Возникает проект этакой метафизической амнистии.
Если не в механистическом ключе Оригена, то хотя бы в виде формул, что для одних благодать будет радостью, а для других огнем, но "специально никого мучить не будут".
И разумеется злодеи первым делом расслабляются от разговоров об этой амнистиии.
Злодеи рассчитывают затеряться среди грешников и в их толпе все-таки выползти за ворота ада.
На самом деле, это - одна из самых страшных дилемм морального и религиозного сознания.
Либо "всё - грех" и тогда массовые убийства, надругательства над людьми, их телом и нравственным достоинством, осознанное и гордое Творение Неправды, являются лишь частным элементом, частной формой этого греха, так что нет никакой принципиальной, сущностной, метафизической разницы между Иродом и Фальстафом, между Клавдием и Полонием.

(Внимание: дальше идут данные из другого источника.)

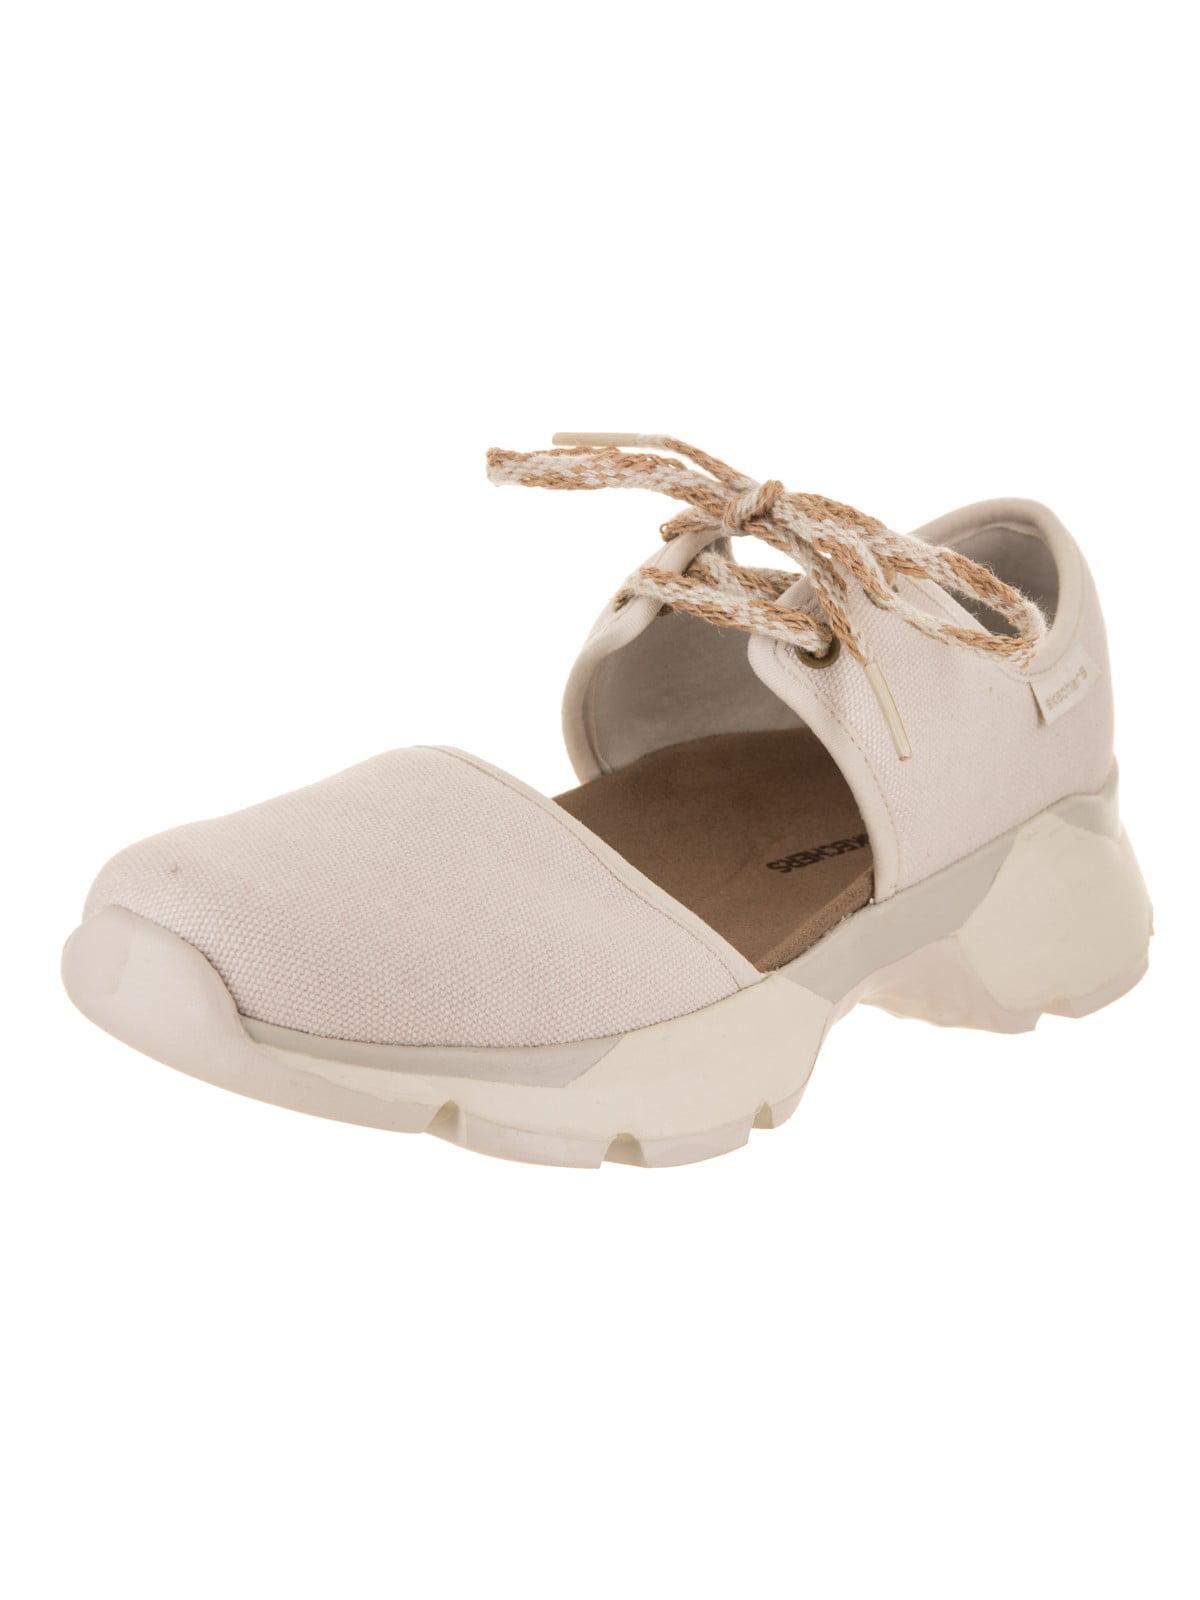 Skechers Women's Bora Peachy Keen Casual Shoe by Skechers

Либо всё-таки существует зло, злодеяние, сознательная неправда, дела которой вопиют к небу и оскверняют землю, и тогда именно для этой неправды Страшный Суд по настоящему и неустранимо страшен, так страшен, что соучастие во зле - это фундаментальный онтологический выбор, который, конечно, может быть исправлен покаянием, но не может быть изменен "переводом стрелок" и укрытием за спинами миллиардов мелких грешников.
Как решить тот парадокс я, честно говоря, не знаю. Богословская и нравственная мысль - опять же подчеркну - не только Христианская - слишком занята "принуждением к благочестию" и, соответственно, раздуванием проблематики греха, до его полной неразличимости от зла.

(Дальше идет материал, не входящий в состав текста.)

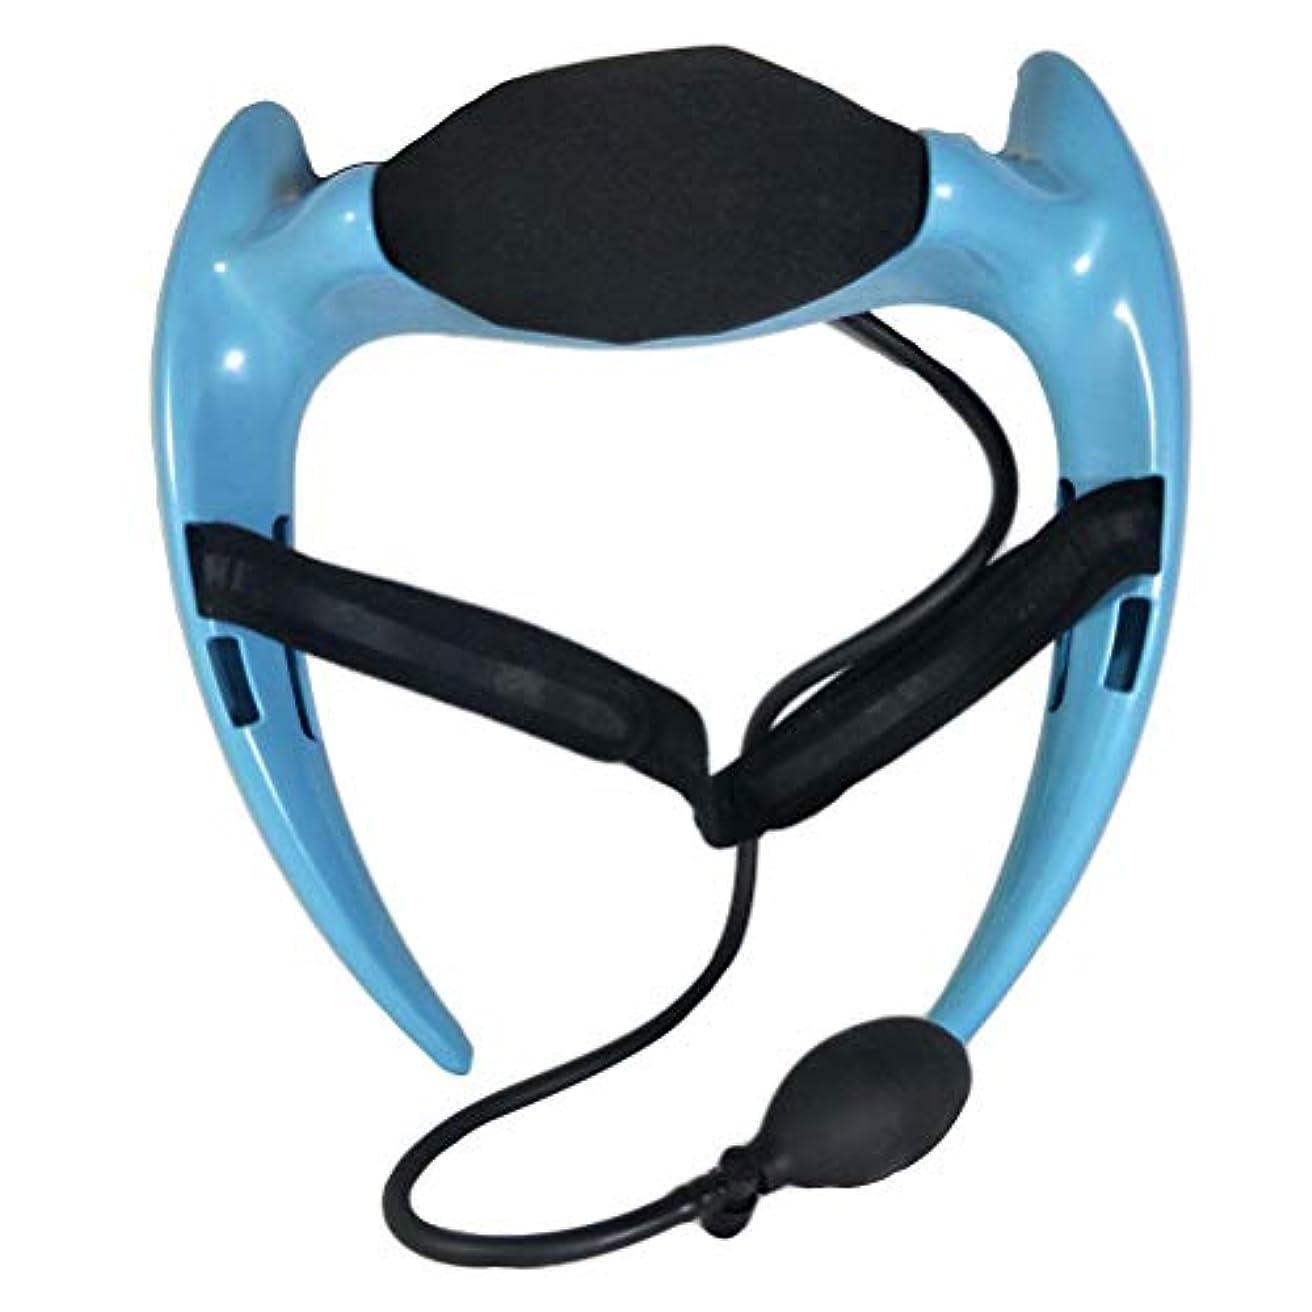 冷酷な発行する悪意のあるHEALLILY 傷害のための膨脹可能な首の牽引装置首サポート牽引

В следствие, зло стало настолько неотличимо от греха, что уже не составляет ни для творящего его, ни для окружающих, самостоятельной нравственной и эсхатологической проблемы. Более того, существует максима, что за большие грехи легче каяться, чем за малые, а потому гуляй рванина.
На этом свете злодеи убежден в своей безнаказанности, поскольку их наказание находится в пределах статистической погрешности. На Страшном Суде произошла такая инфляция наказания, что никакой принципиальной разницы между адом за нарушение поста и адом за истребление миллиона человек рядовым религиозным сознанием не ощущается, а значит гулять так гулять.
Единственное, что я здесь могу себе представить в качестве решения, это повторение на Страшном Суде истории с женой взятой в прелюбодеянии. В одном из апокрифов говорится что когда Христос спросил: Кто из вас первый бросит в нее камень? Он чертил на песке знаки, представлявшие первые буквы слов, означавших страшные грехи тех, кто стоял перед ним. И ни один из устыженных не посмел поднять руку на блудницу, и тогда и Господь просил ее, сказав идти и больше не грешить.
Вот, возможно, на Страшном Суде, о каждом из нас Господь будет спрашивать всех других. И прежде чем осудить того или иного человека мы будем со всей ясностью видеть свои грехи по сравнению с его и понимать, что наша рука никогда не смогла бы поднять на него камень, если мы не хотим сотни камней себе в голову.
И вот тут-то злодеи окажутся в уникальном положении, поскольку так же, как ни у кого не поднимется язык осудить своего собрата грешника, так же ни у кого не поднимется язык оправдать того, для кого зло стало его сущностью, его образом жизни, его развлечением, его второй натурой. Мы не сможем о таких сказать: Господи, прости ему, как и прости мне.
Понятно, что сейчас у злодеев и упырей находится немало защитников. Даже у Чикатило есть свой фан-клуб. Но все-таки эта апологетика связана с завесой социальности, с покровом социального мифа представляющего зло благом, оправдывающего зло. Там, где эта завеса будет отдернута, там вряд ли у кого, даже у злодея, поднимется язык оправдать злодея.
Честно скажу, что где-то в другом ключе, другой плоскости, решения для себя этой проблемы пока не вижу.
А проблема несомненно есть, ибо ненаказуемое зло есть зло торжествующее и соблазняющее, а ненаказующий Бог или Бог в одном регистре рассматривающий судьбу грешников и злодеев, - это источник соблазна и смущения.